** RECORDS FOR THIS TASK follows **

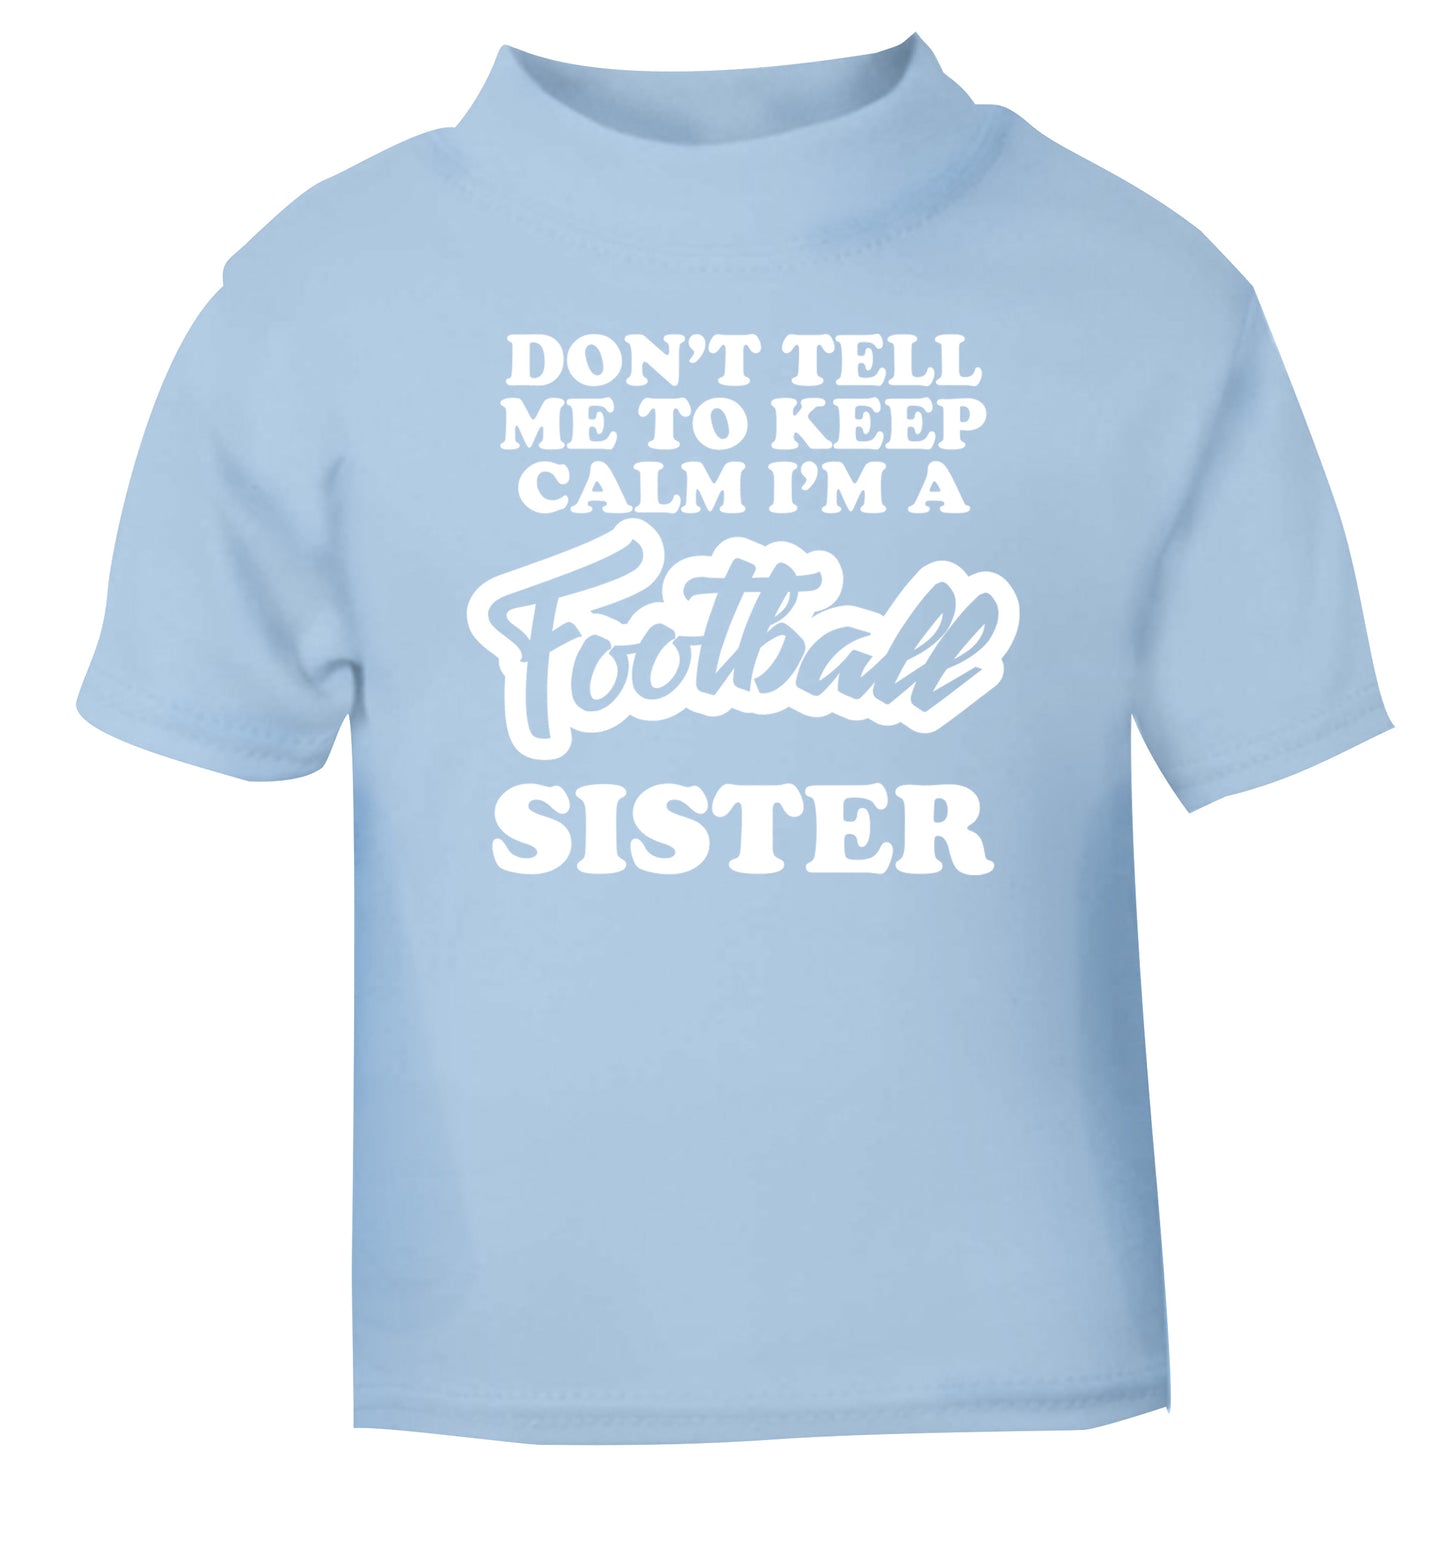 Don't tell me to keep calm I'm a football sister light blue Baby Toddler Tshirt 2 Years
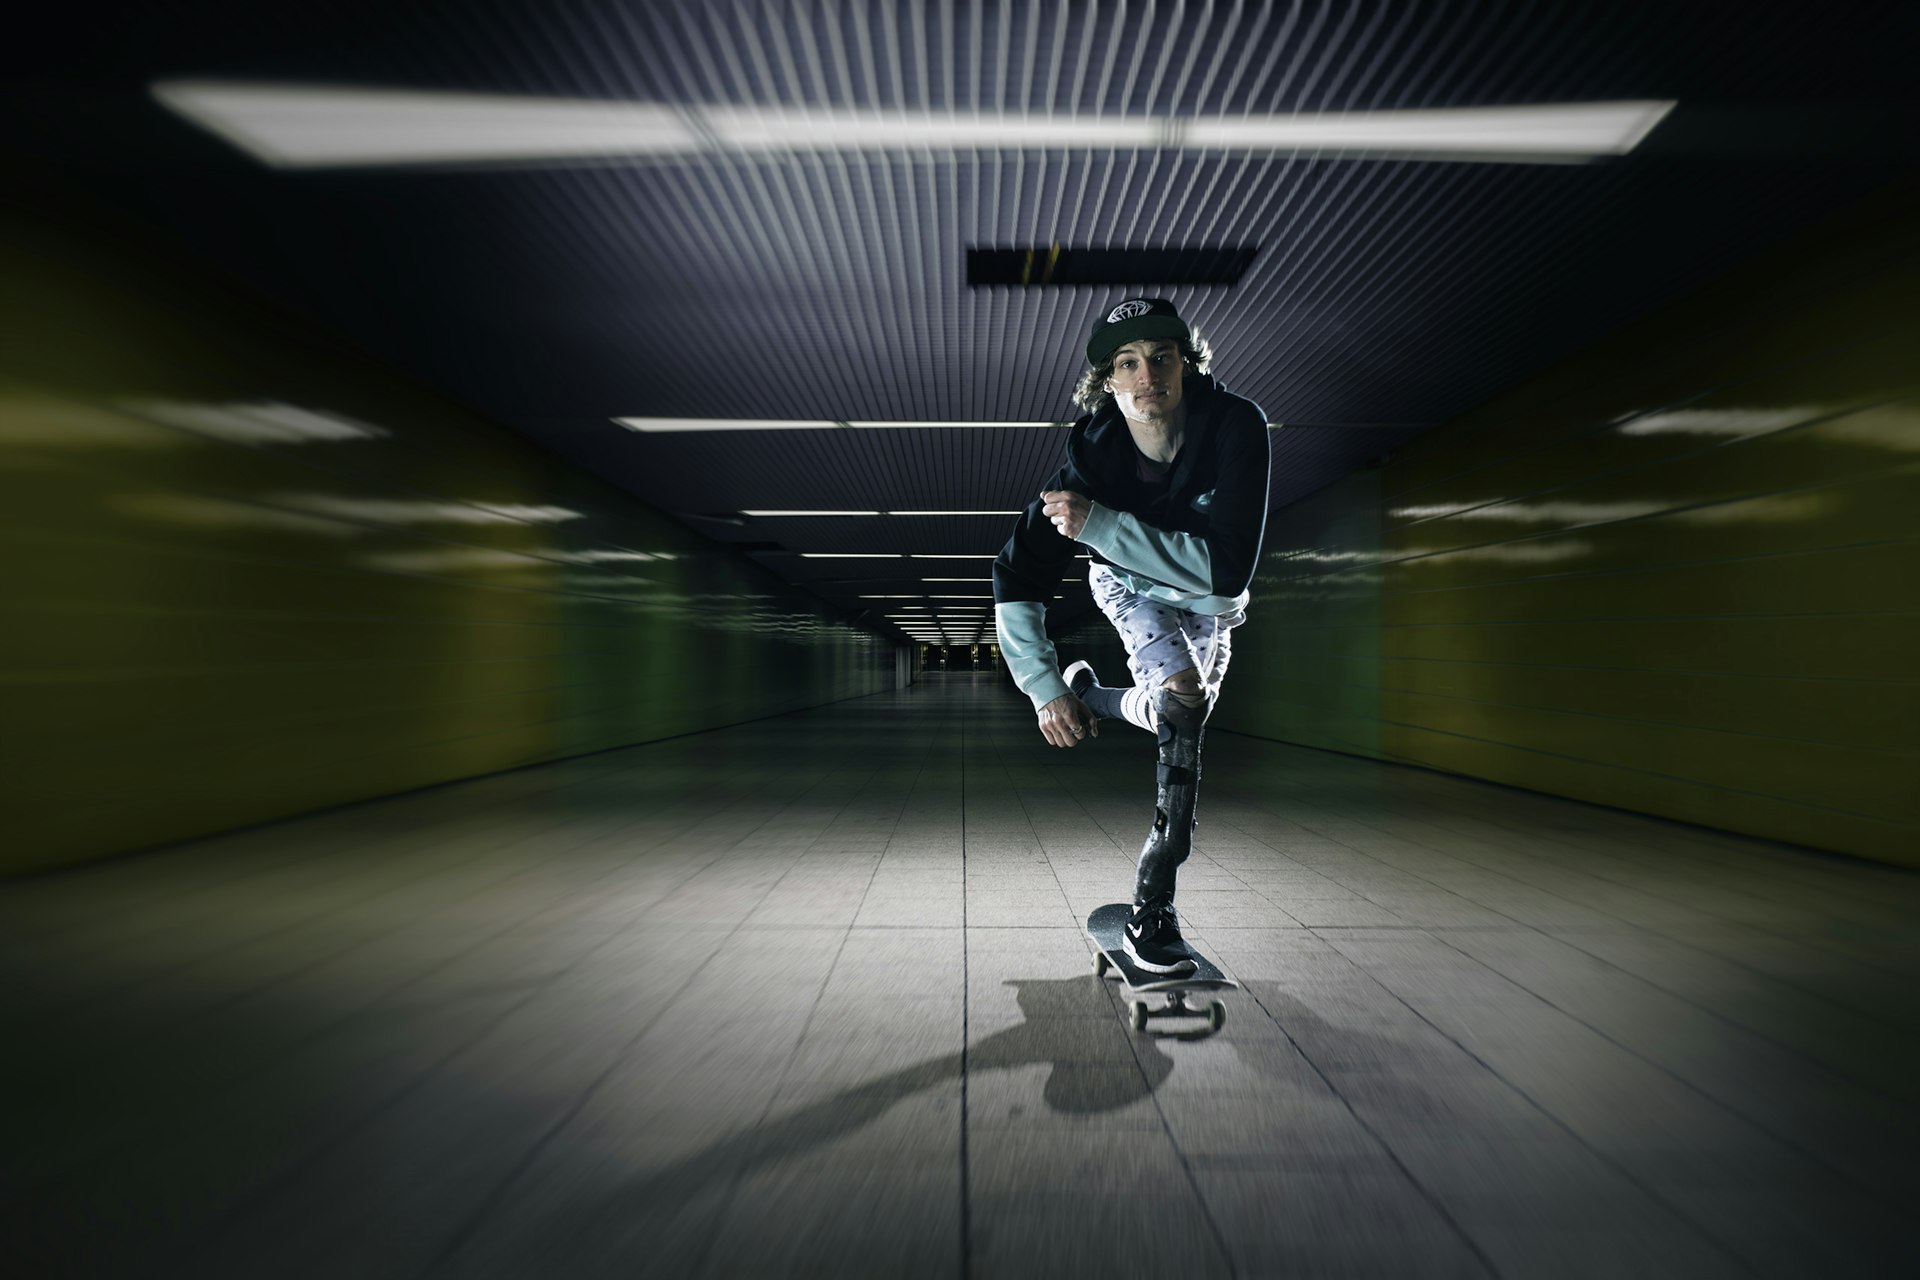 Skating through the pain and prosthetics
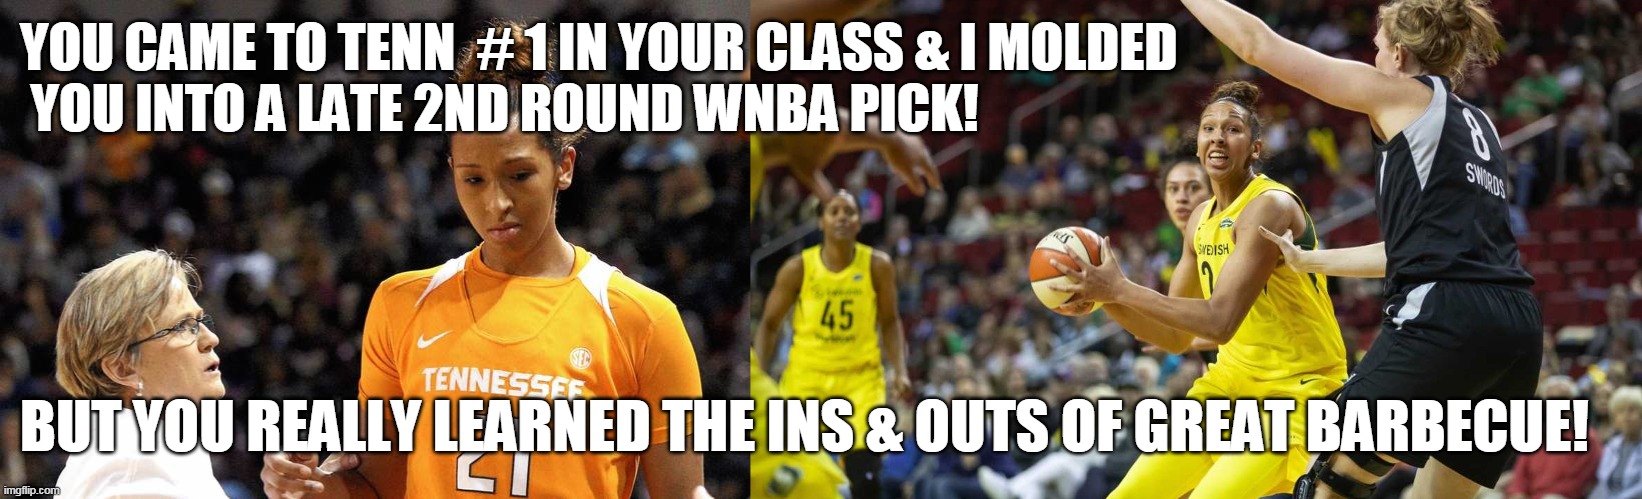 YOU CAME TO TENN  # 1 IN YOUR CLASS & I MOLDED
 YOU INTO A LATE 2ND ROUND WNBA PICK! BUT YOU REALLY LEARNED THE INS & OUTS OF GREAT BARBECUE! | made w/ Imgflip meme maker
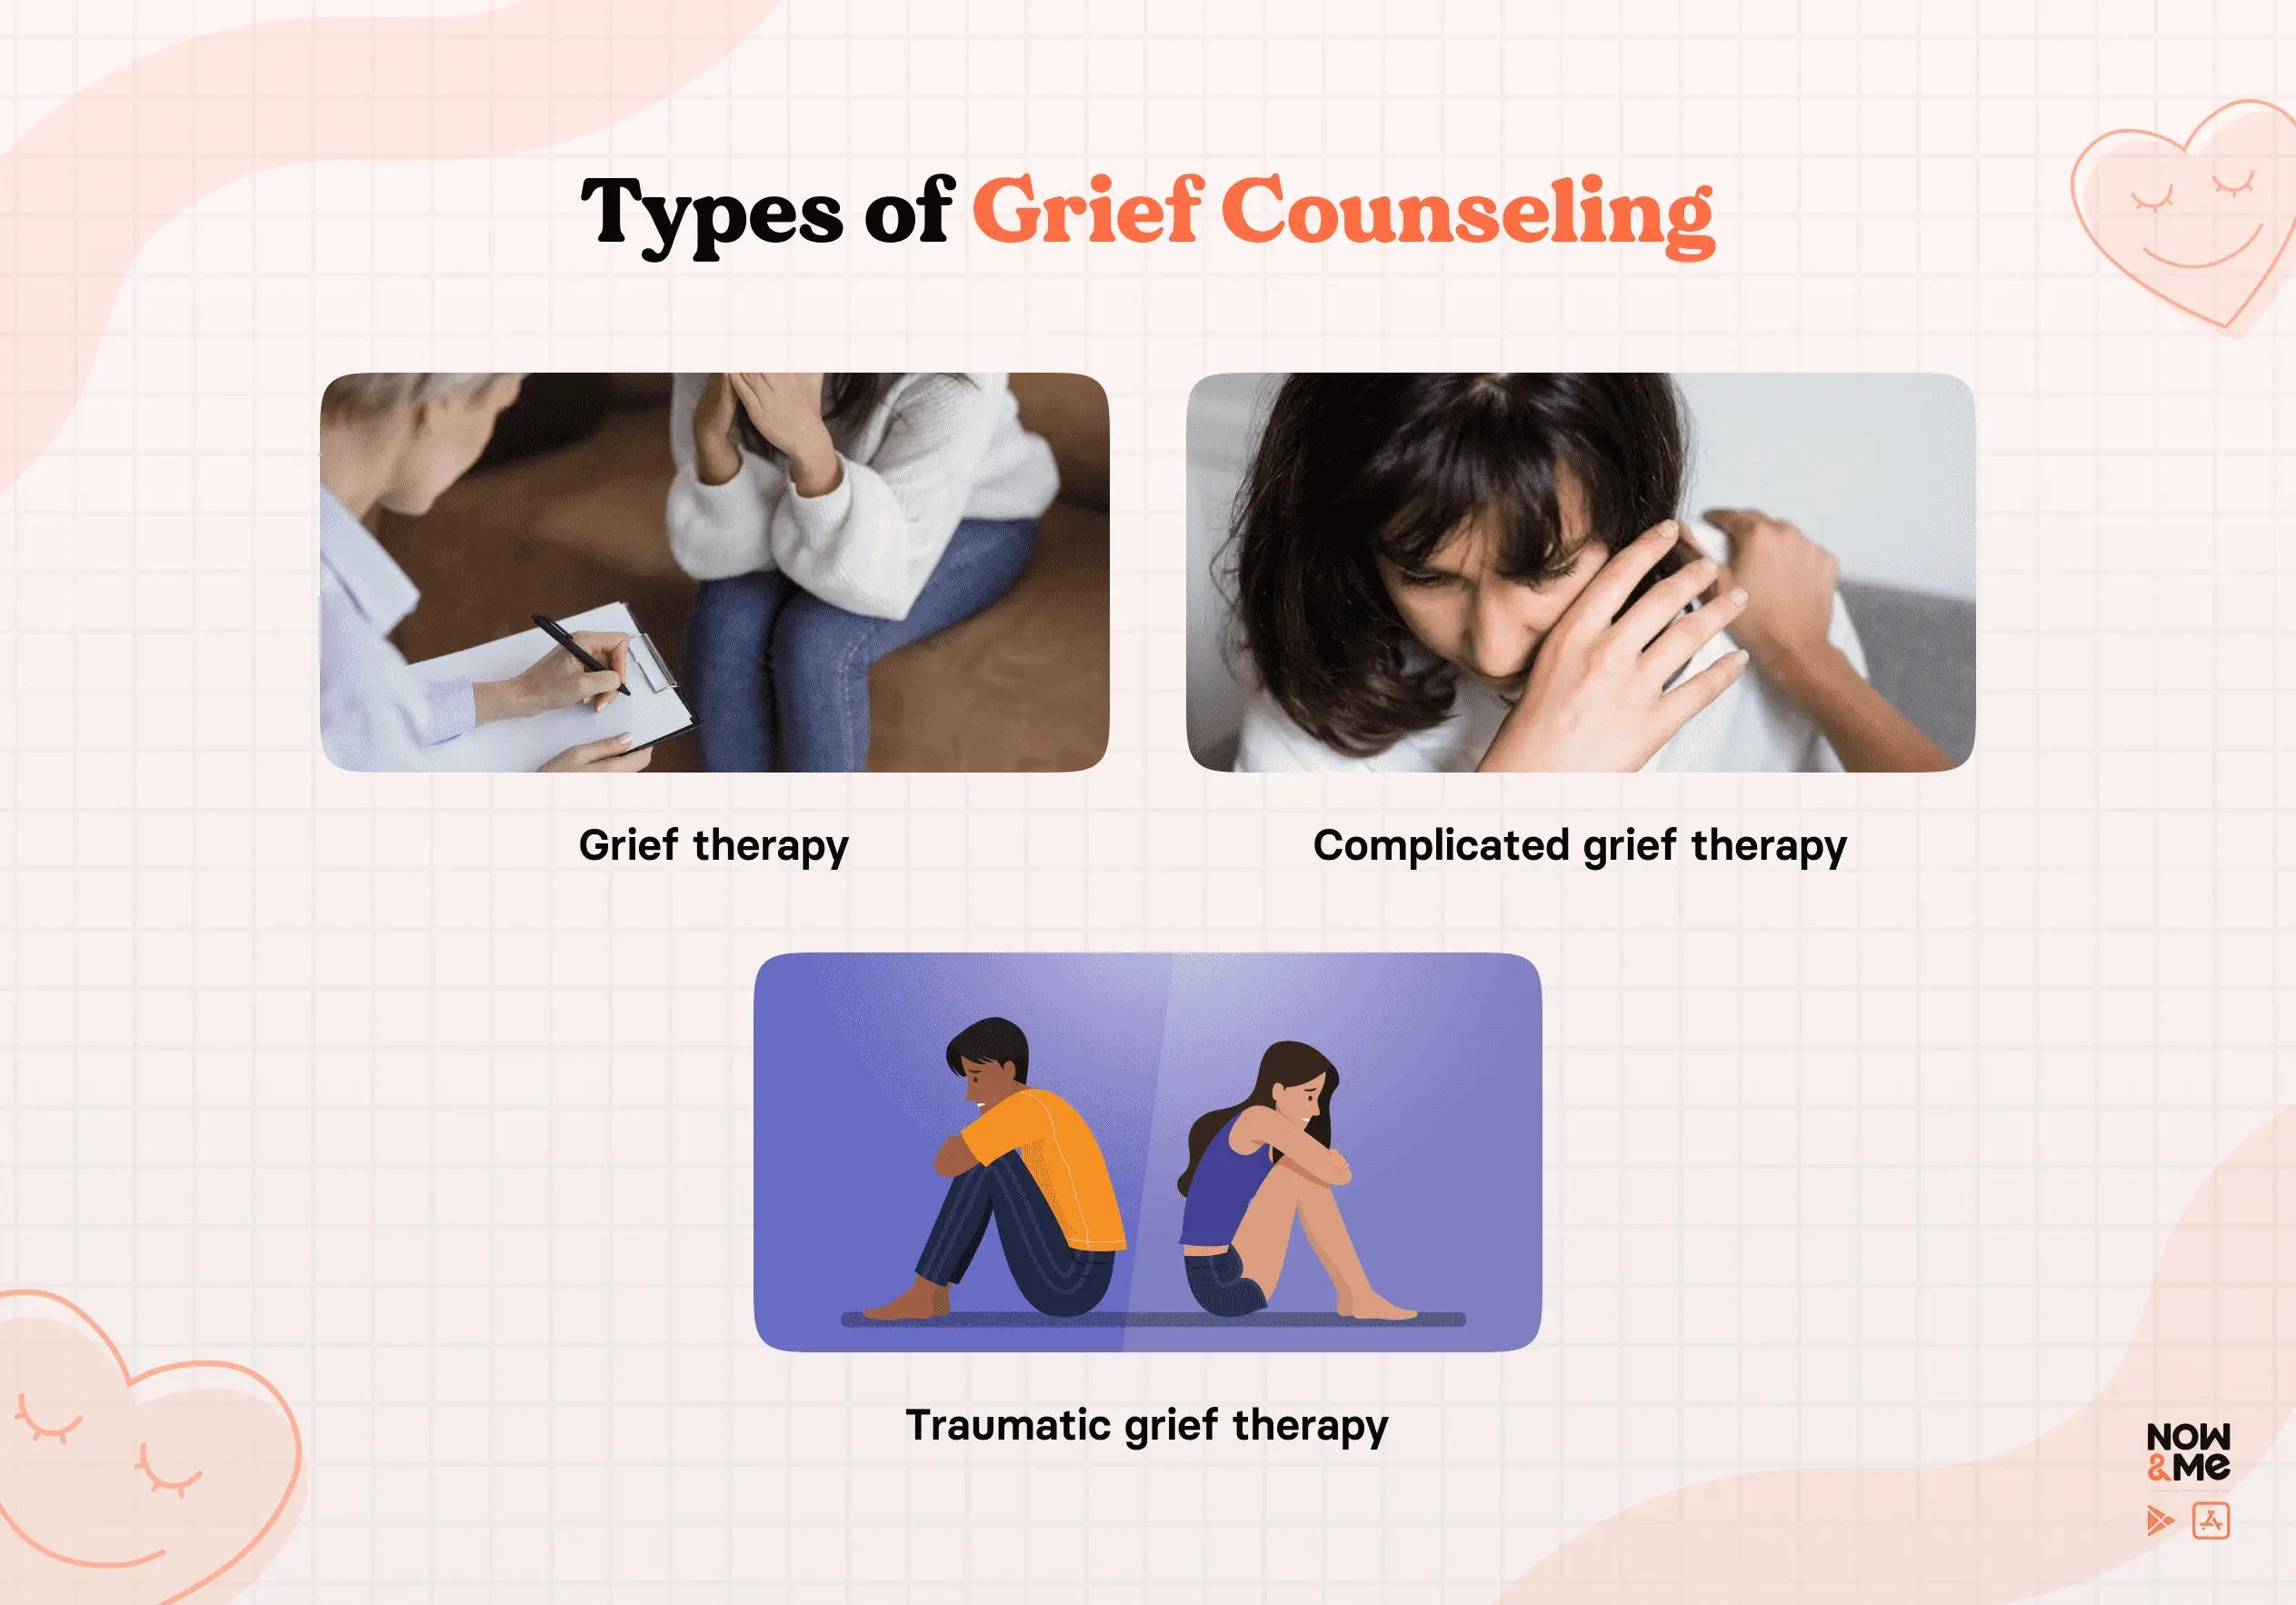 Types of Grief Counseling

** End of RECORDS FOR THIS TASK **

PROBLEM TO SOLVE :: Print every record exactly without the images.

REPLY ::
 Don't tell me to keep calm I'm a football sister light blue Baby Toddler Tshirt 2 Years
 Skating through the pain and prosthetics
 YOU CAME TO TENN  # 1 IN YOUR CLASS & I MOLDED
 YOU INTO A LATE 2ND ROUND WNBA PICK! BUT YOU REALLY LEARNED THE INS & OUTS OF GREAT BARBECUE! | made w/ Imgflip meme maker
 Types of Grief Counseling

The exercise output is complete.